I’ve decided I’m going to try to list this as a database rather than a narrative.

  1. I’m glad Pry was left for last because I think this piece has the most sophisticated digital presentation of all of the platforms we’ve explored. We started with Ice Bound Concordance, which had the potential in my opinion to be the most sophisticated (should its digital technology have been the most up to date) for a few reasons: first, its embodied technology. Like Between the Page and Screen, Ice Bound Concordance used the built-in camera on digital devices to project additional meaning into physical space for the viewer/reader/player; second, the depth of its message. Unlike Between the Page and Screen, which made some strong and valid points about the meanings of language and life, Ice Bound Concordance took several hours to complete and made several new commentaries through each chapter and mechanism for engagement provided. Why do I think Pry was more sophisticated? It’s worth exploring the ways in which the dating of technology affects electronic literature. In my view, the aesthetic and functional performance of technology relative to other mediums of the time is paramount to its effect on the reader. Perhaps an affordance of most traditional books is that we expect very little regarding its display of words across the pages. Digital literature faces this problem more seriously. We must be captivated (as a function of our expectations of competitive technological storytelling methods of the time) by the presentation of the work, or the work’s meaning diminishes. Pry is sophisticated, beautiful, and created with cameras and digital platforms that appear modern and current in my imagination. For now.

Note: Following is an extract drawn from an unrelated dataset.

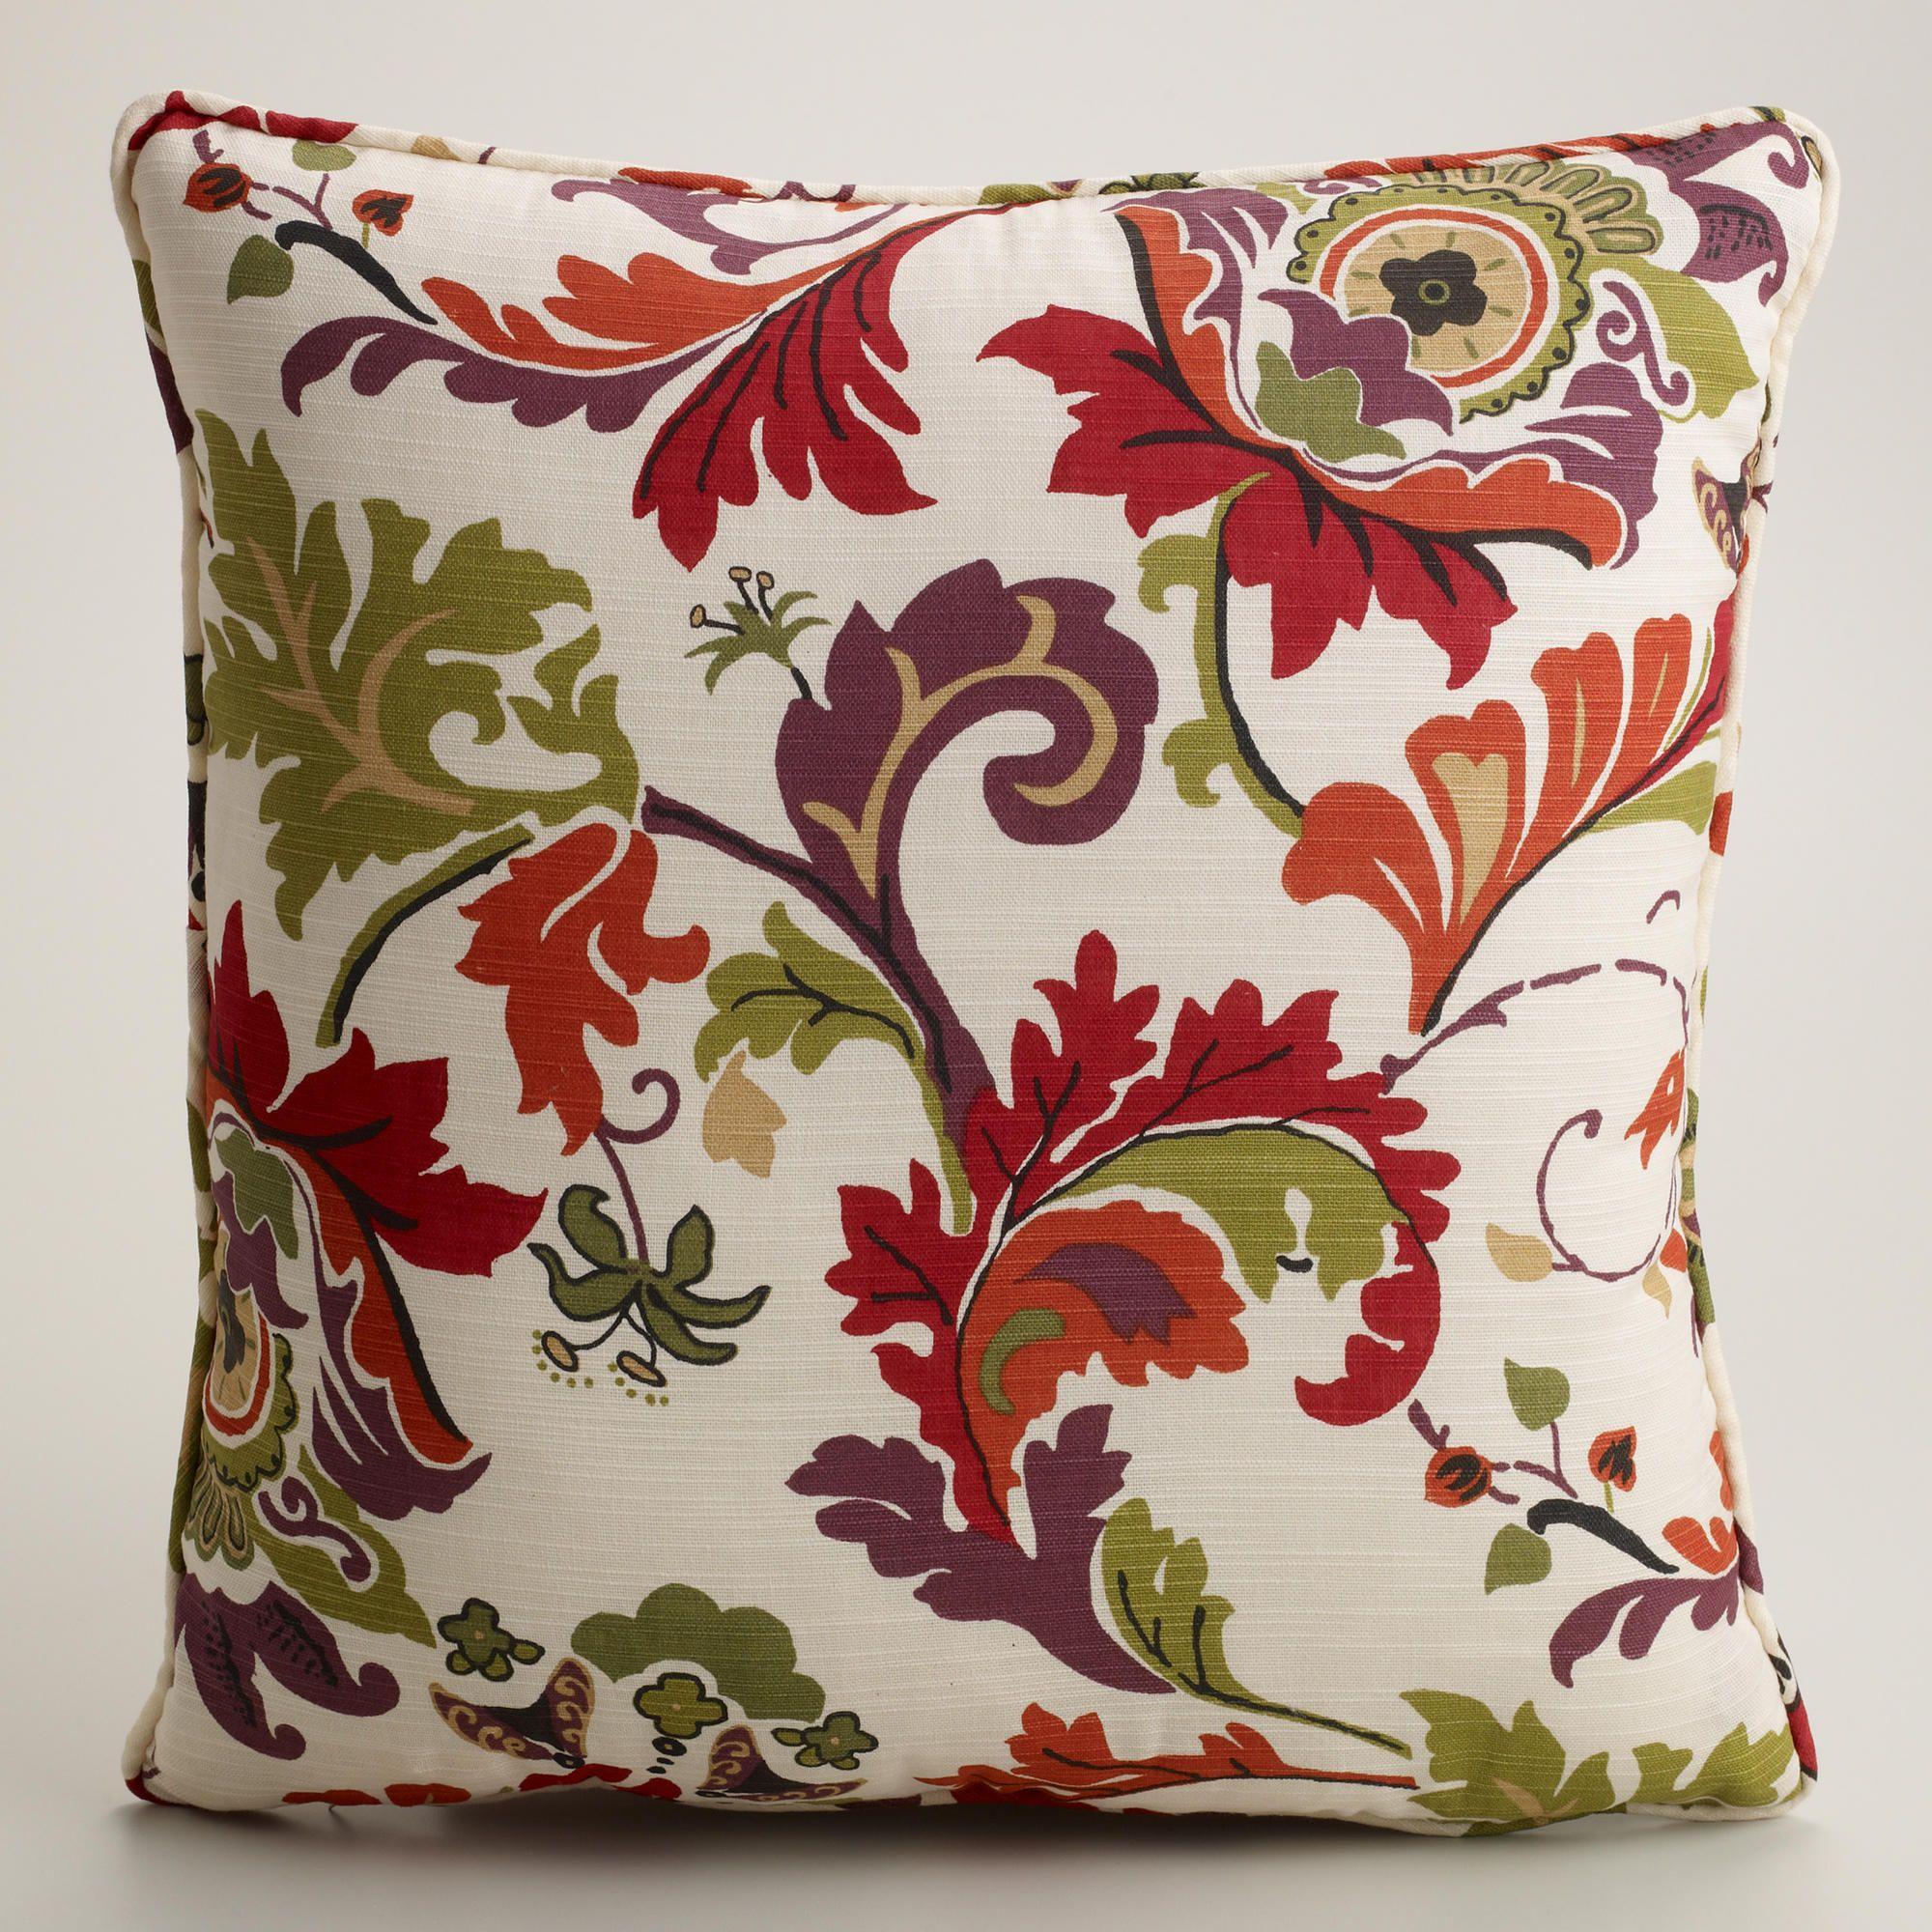 Campione Multicolor Throw Pillow | Throw pillows, Pillows and ...

  2. Speaking of, one of the most effective techniques available for communicating first-person narration throughout the story is the requirement that both fingers be attached to the screen for the viewing of the entire section. The story will progress if you don’t maintain active attention to keeping your fingers in the right position. That requirement of touchscreen technology on app-based platforms feels very relatively new to me, in comparison to the clicking and arrows of other stories we’ve explored in this course.
  3. Another effective technique was the ridiculously high quality of the camera work. I felt astounded that it was even showing on my phone at such a high quality. The role that this played in communicating messages involving loss of vision cannot be understated. When we are watching a first-person and the picture blurs, it is a stand-out moment, as the quality of the camera work feels so close to the normal experience of seeing that a blur registers as our own vision as readers actually failing. Or perhaps this game was just very effective in having me internalize the main character’s psyche.
  4. Lots to say about the unconscious versus the conscious. I’m sure we’ll talk about Freud in class. My favorite symbol of understanding and talking about these concepts comes from the idea of the iceberg, where the conscious are the thoughts and perceptions that are completely visible, the pre-conscious are the things that are within reach of bringing to the visible, and the un-conscious are the things so repressed and buried that we can’t even access them on a regular basis.
Graphic obtained from a personal blog explaining to their readers the Freudian concept of the conscious, preconscious, and unconscious levels of the mind. Here is the link to the source.
[So it ended up being a list of narratives. I guess that’s how this goes.]